Appellate Division of the Supreme Court of New York, Third Department
Apr 23, 1998
249 A.D.2d 793 (N.Y. App. Div. 1998)

Summary

holding that statute of limitations began to run with knowledge of gasoline discharge from leaking underground storage tanks but before gasoline was detected in well water because plaintiff was "aware that some amount of leakage had occurred"

Summary of this case from Bethpage Water Dist. v. Northrop Grumman Corp.

Opinion

April 23, 1998

Appeal from the Supreme Court (Conner, J.).


At issue are claims for property damage and remediation costs arising from leaking underground storage tanks located on plaintiff's property. The tanks, which held gasoline supplied by defendant for use in connection with plaintiff's automobile dealership, evidently leaked on two occasions, in 1973 and 1984. Each of these occurrences resulted in removal and replacement of one or both tanks by defendant. Although the site was visited by a representative of the Department of Environmental Conservation (hereinafter DEC) after the 1984 incident, no remediation efforts were undertaken at that time.

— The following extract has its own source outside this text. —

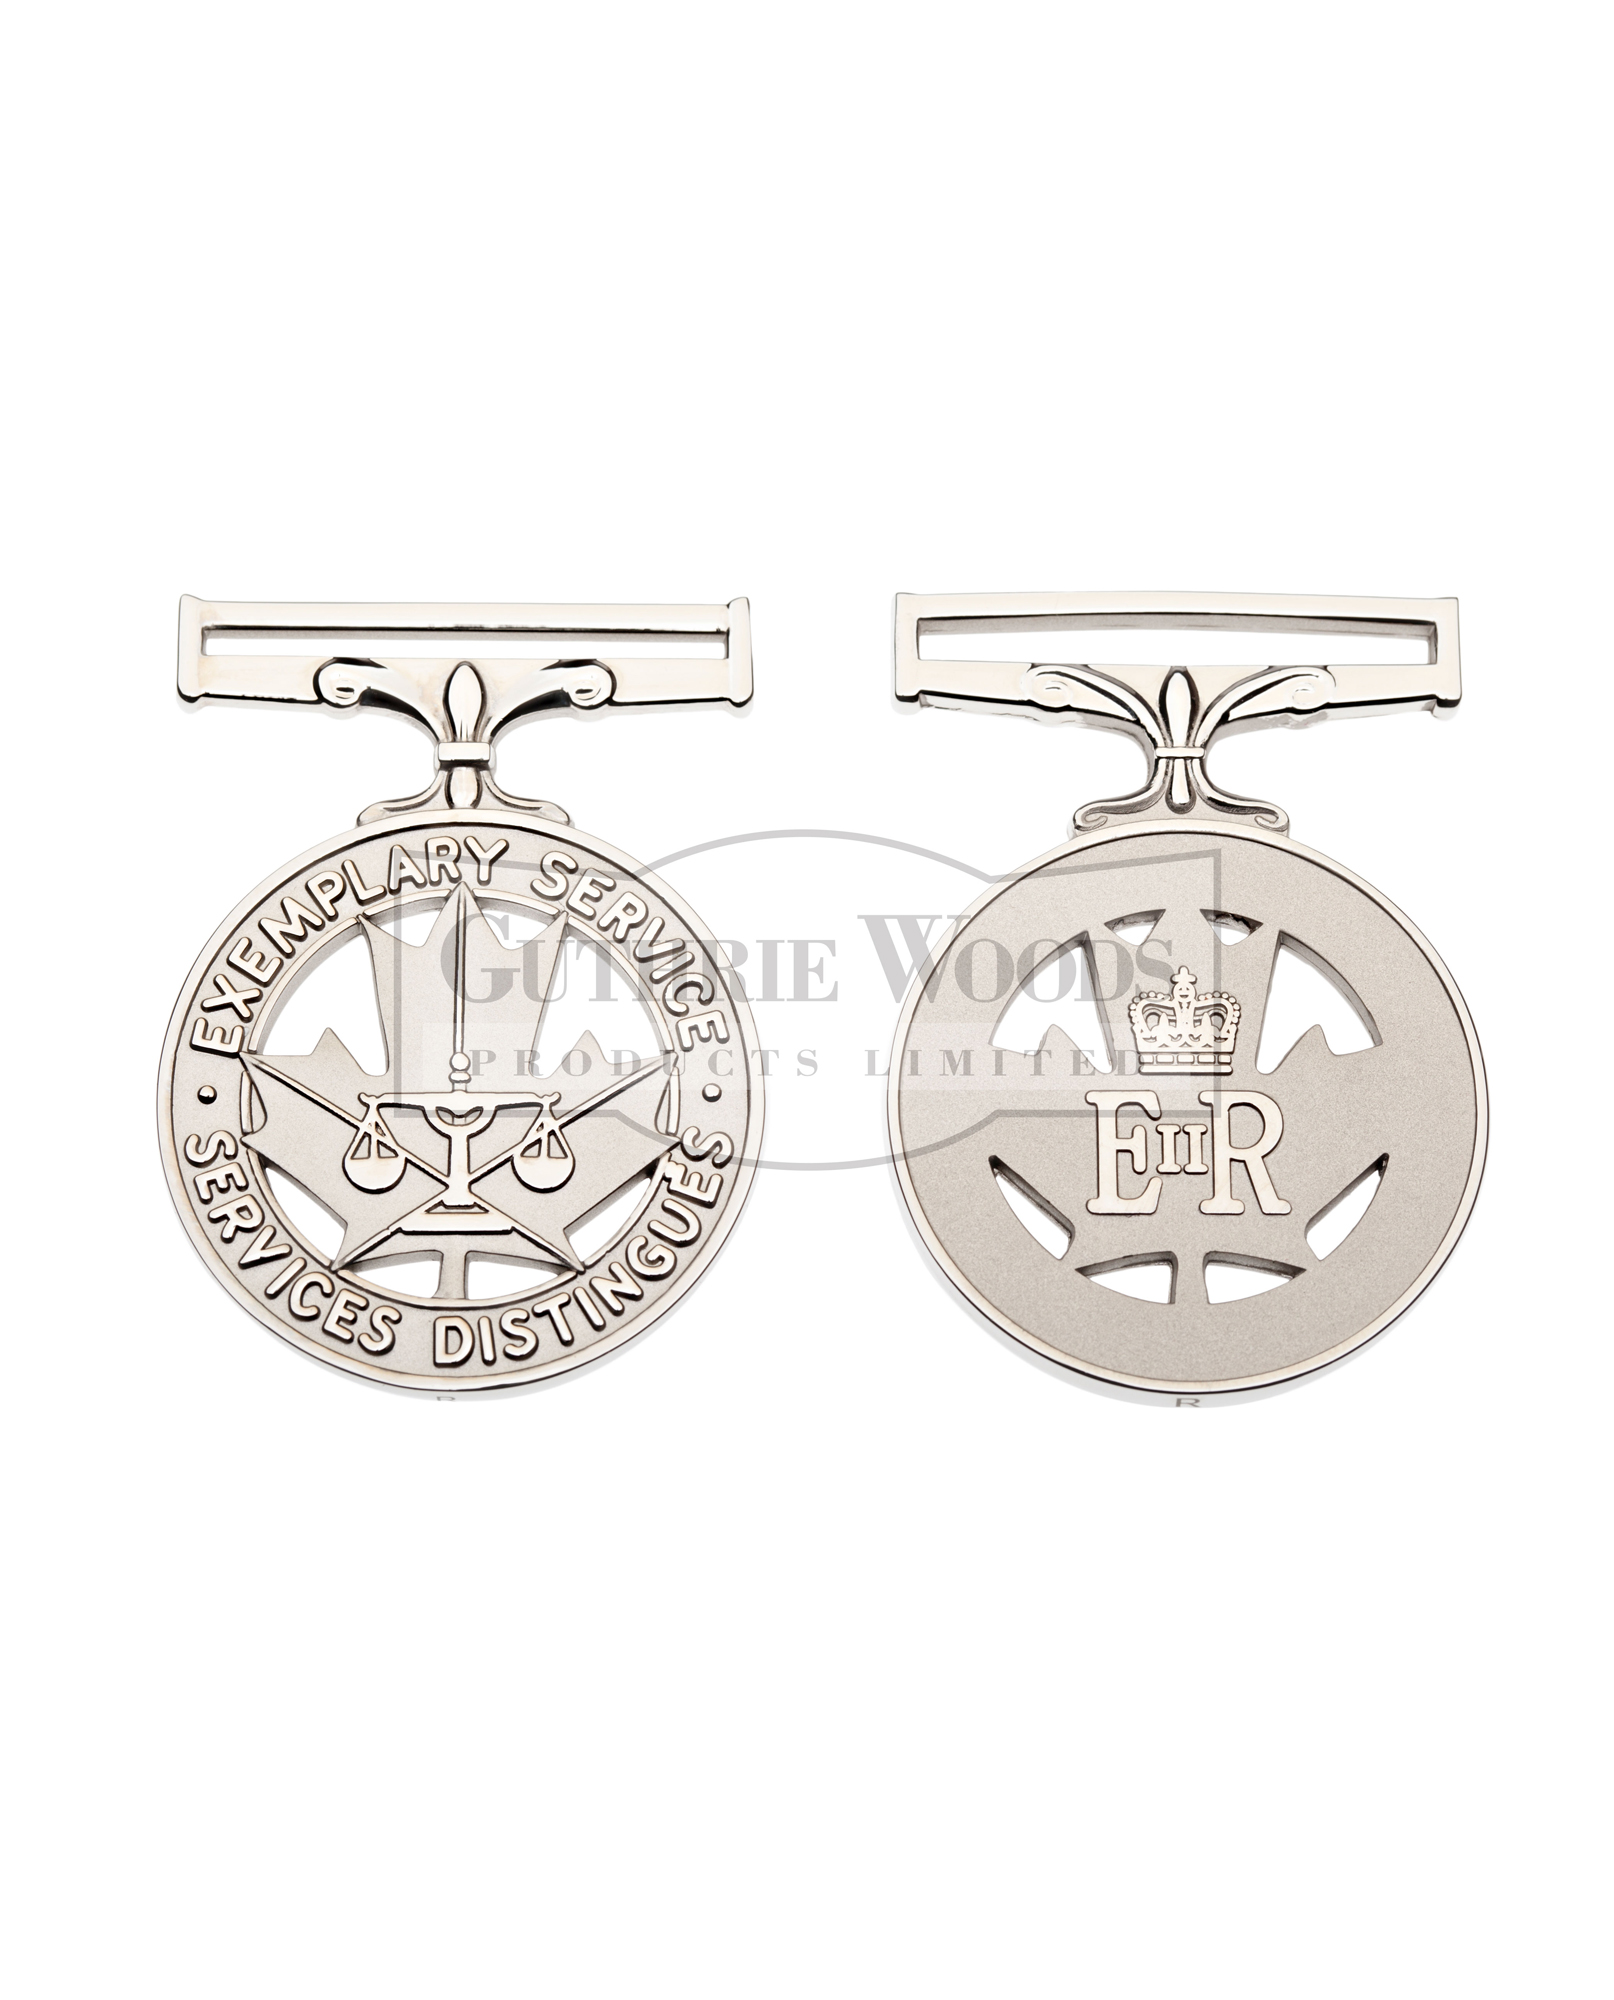 Police Services Exemplary Service - Medal

In 1992, after plaintiff's employees apparently detected gasoline in the well water and an anonymous report was made to the Columbia County Department of Health, DEC again became involved. A tank test was performed, but no new leak was discovered; nevertheless, groundwater monitoring revealed a level of contamination necessitating remediation. When plaintiff could no longer bear the escalating cleanup costs, DEC took over the process, indicating its intent to seek reimbursement from plaintiff for the expense thereof.

In 1994, plaintiff commenced this action in which it seeks compensation for the damage to its property and business brought about by the contamination, as well as reimbursement of the amounts it has paid and anticipates being charged in connection with the required remediation. Approximately two months before the scheduled trial date, plaintiff sought leave to amend its complaint to add three causes of action and increase the ad damnum clause from $200,000 to $950,000; in response, defendant opposed plaintiff's motion and cross-moved for summary judgment on Statute of Limitations grounds. Supreme Court granted plaintiff's motion and denied the cross motion. Defendant appeals.

Plaintiff's complaint (as amended), insofar as it is premised upon allegations that the contamination decreased the value or profitability of plaintiff's property and business, is untimely. An action to recover for property damage "caused by the latent effects of exposure to any substance" must be brought no later than three years "from the date of discovery of the injury by the plaintiff or from the date when through the exercise of reasonable diligence such injury should have been discovered by the plaintiff, whichever is earlier" (CPLR 214-c; see, Jensen v. General Elec. Co., 82 N.Y.2d 77, 81). Here, the deposition testimony of plaintiff's principals, Kenneth Oliver and Russell Oliver, establishes incontrovertibly that they were aware, first in 1973 and again in 1984, that gasoline had been discharged from the tanks onto their property. Their inventory reconciliation process revealed that gasoline was missing from one or both tanks on each occasion; indeed, that was what prompted their calls to defendant and the eventual removal of the damaged tanks. In addition, the Olivers had directly observed physical evidence of each leak, in the form of holes in the tank, gasoline in the soil or other palpable indicia that the surrounding property had been contaminated. To counter this clear showing, plaintiff contends, essentially, that despite the Olivers' knowledge that leaks had occurred, they cannot be said to have discovered the injury to their property until the water contamination became apparent in 1992.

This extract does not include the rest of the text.